On Friday, June 7, Expedition crew members completed installation of the spare pump carried aboard Starliner for the urine processing assembly on the orbital outpost, and the hardware is functioning properly.
NASA Flight Engineers Tracy C. Dyson and Matthew Dominick are preparing for the first of three planned spacewalks for science and maintenance on the orbital lab. The astronauts are expected to set their spacesuits to battery power at 8 a.m. EDT on Thursday officially beginning their scheduled six-and-a-half-hour spacewalk. The spacewalkers will retrieve faulty communications hardware, also known as the radio frequency group, and swab station surfaces to determine the ability of microorganisms to survive the extreme microgravity environment.
Mission managers will discuss the upcoming spacewalk details during a news conference at 4 p.m. on Tuesday. Live coverage will air on NASA+, NASA Television, the NASA app, YouTube, and the agency’s website. Learn how to stream NASA TV through a variety of platforms including social media.
NASA Flight Engineer Mike Barratt assisted Dominick as he tried on his spacesuit during a standard fit check in the Quest airlock on Monday morning. During the afternoon, the two spacewalkers joined Barratt and NASA Flight Engineer Jeanette Epps and reviewed Canadarm2 robotic arm procedures necessary to retrieve the radio gear.
Earlier, Epps attached an acoustic monitor to herself measuring the sound environment she’s exposed to aboard the station. Afterward, she collected lab water samples to test for microbes then conducted a hearing exam listening to tones on a pair of headphones connected to a computer. Dyson joined cosmonaut Nikolai Chub at the end of the day and peered at a standard eye chart reading characters to test their visual acuity.
New station visitors Butch Wilmore and Suni Williams, both veteran NASA astronauts, learned on Sunday they will orbit Earth until June 18 before returning home aboard Boeing’s Starliner spacecraft. The extra days in space will allow teams more time to checkout Starliner’s systems and free up the Expedition crew’s schedule for more spacewalk preparations.

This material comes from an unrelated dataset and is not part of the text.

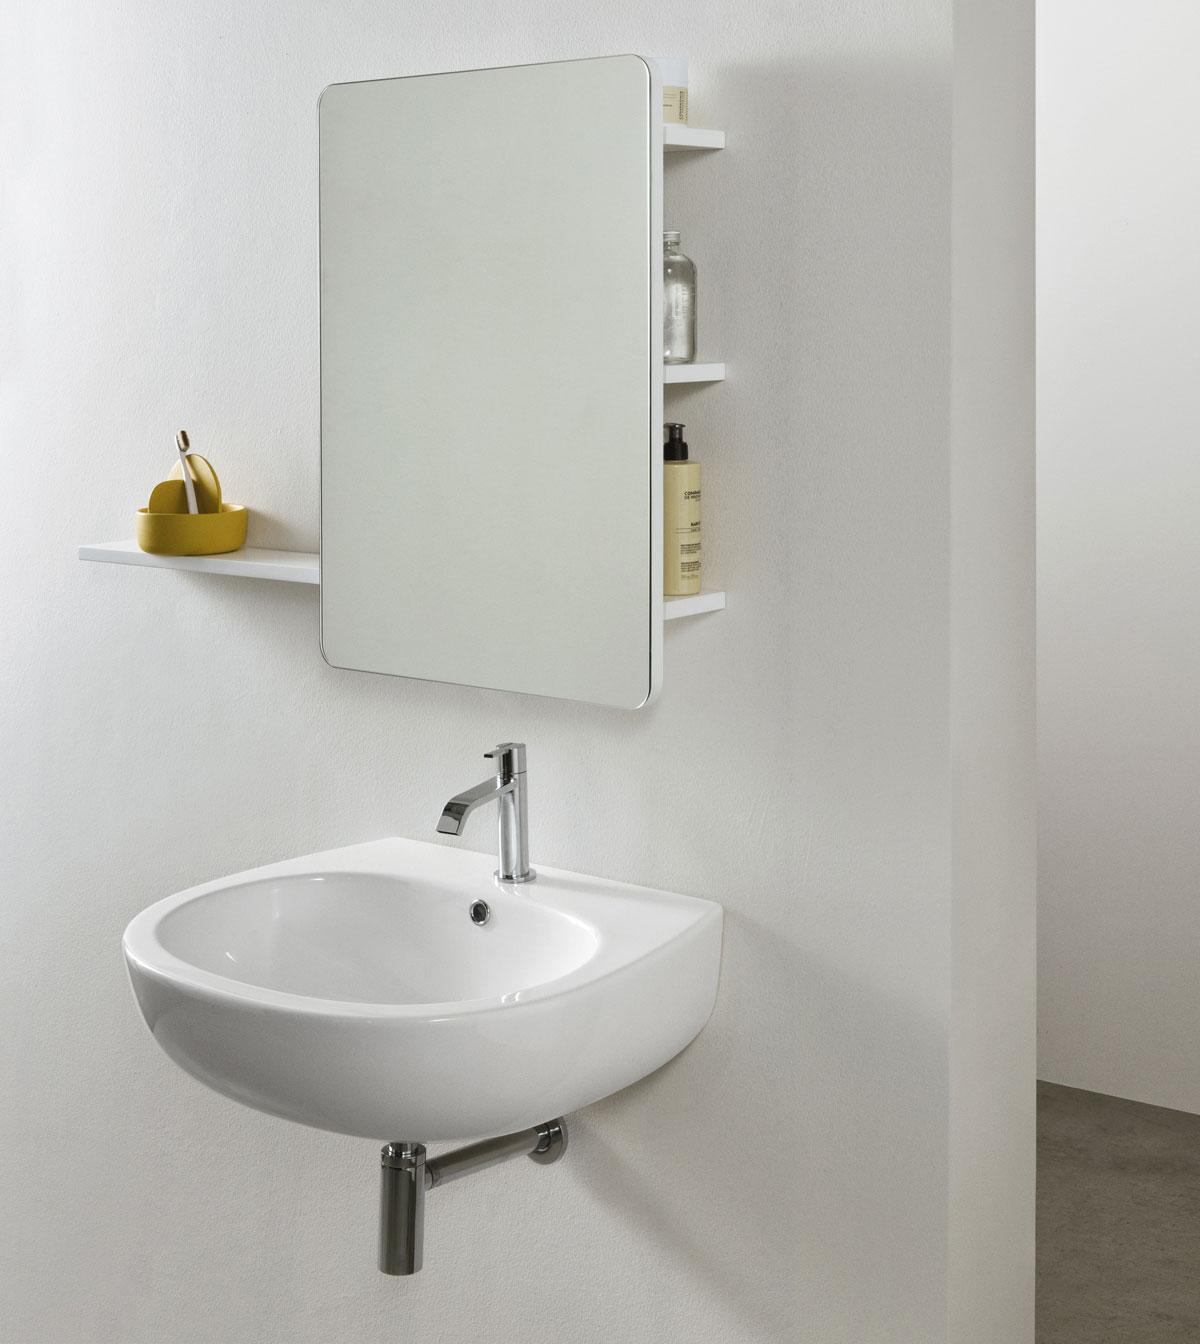 lavabo suspendu céramique blanc coloré nic design milk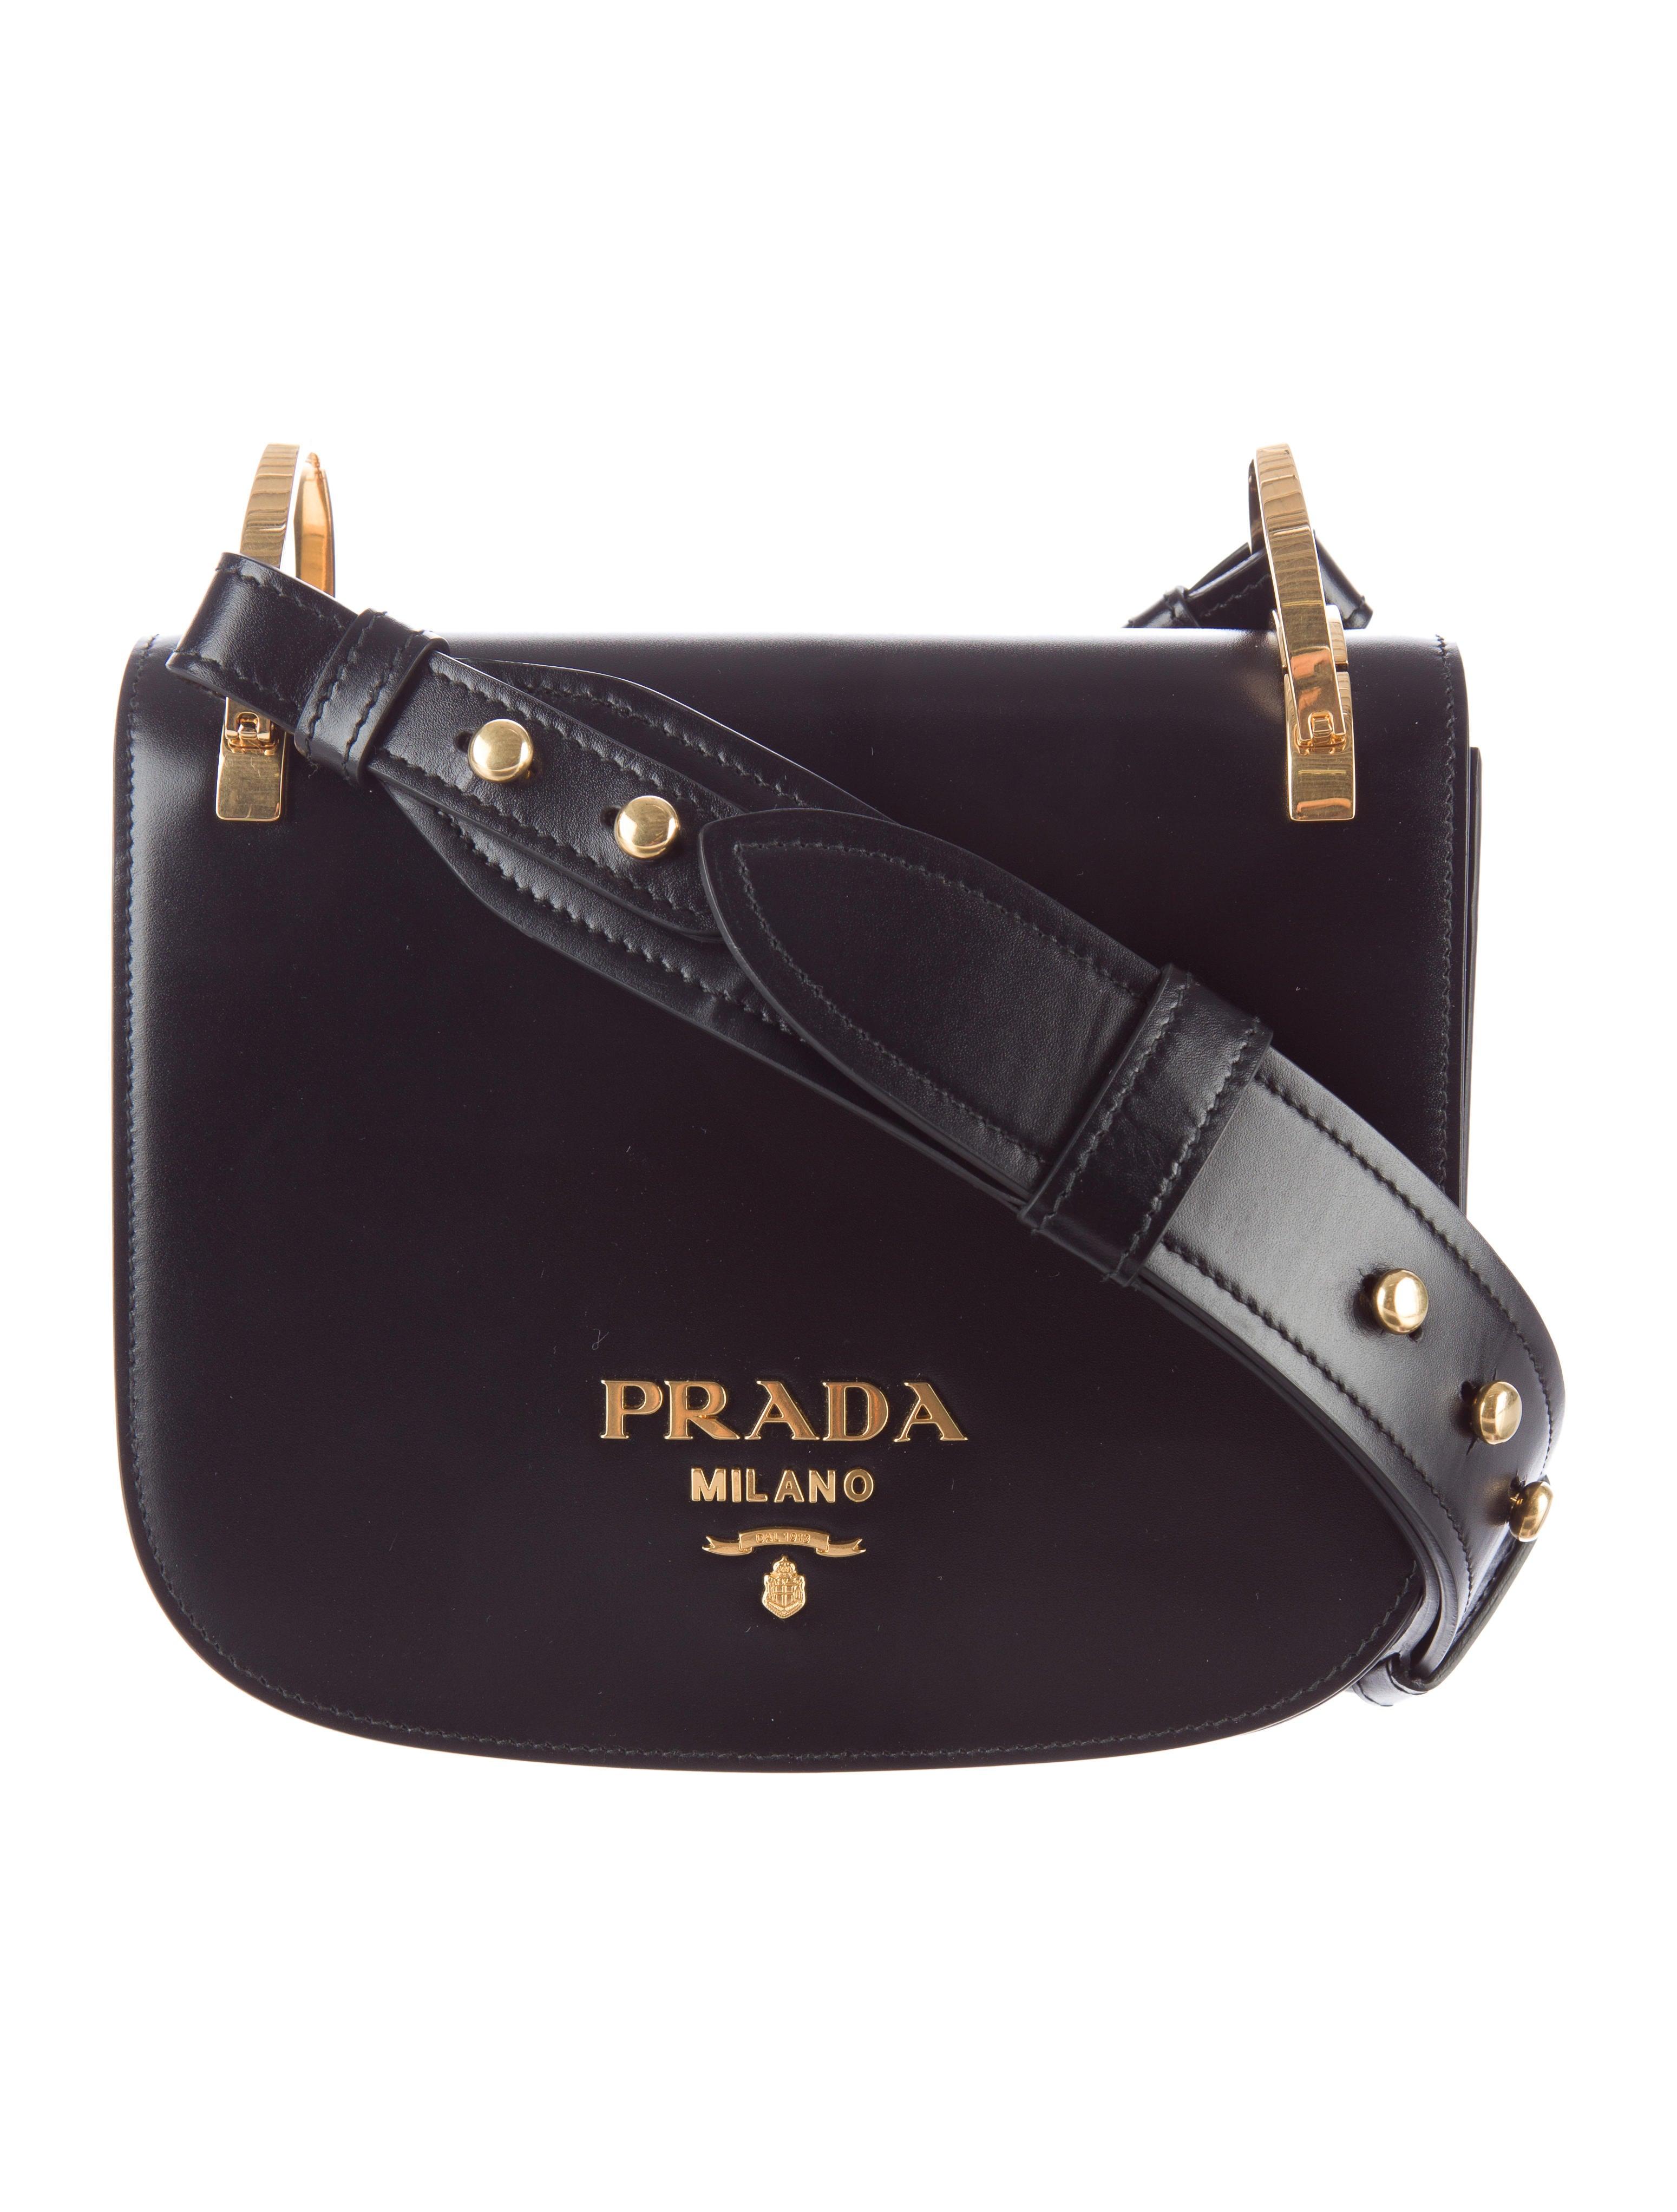 prada f w 16 vitello pionniere bag, suede prada handbag

Wilmore and Williams started Monday with health checks measuring their temperature, blood pressure, pulse, and respiratory rate. The duo then split up as Wilmore worked on computer maintenance inside the Microgravity Science Glovebox and Williams installed hardware to support a space fire investigation.
In the orbital outpost’s Roscosmos segment, Chub transferred water stowed inside the Progress 88 resupply ship to tanks inside the Zvezda service module. Flight Engineer Alexander Grebenkin cleaned vents and air ducts then checked lighting systems in the Zvezda, Nauka, and Poisk modules. Station commander and veteran cosmonaut Oleg Kononenko studied plasma physics in the Columbus laboratory module then wore a sensor-packed cap and explored futuristic spacecraft and robotic piloting techniques.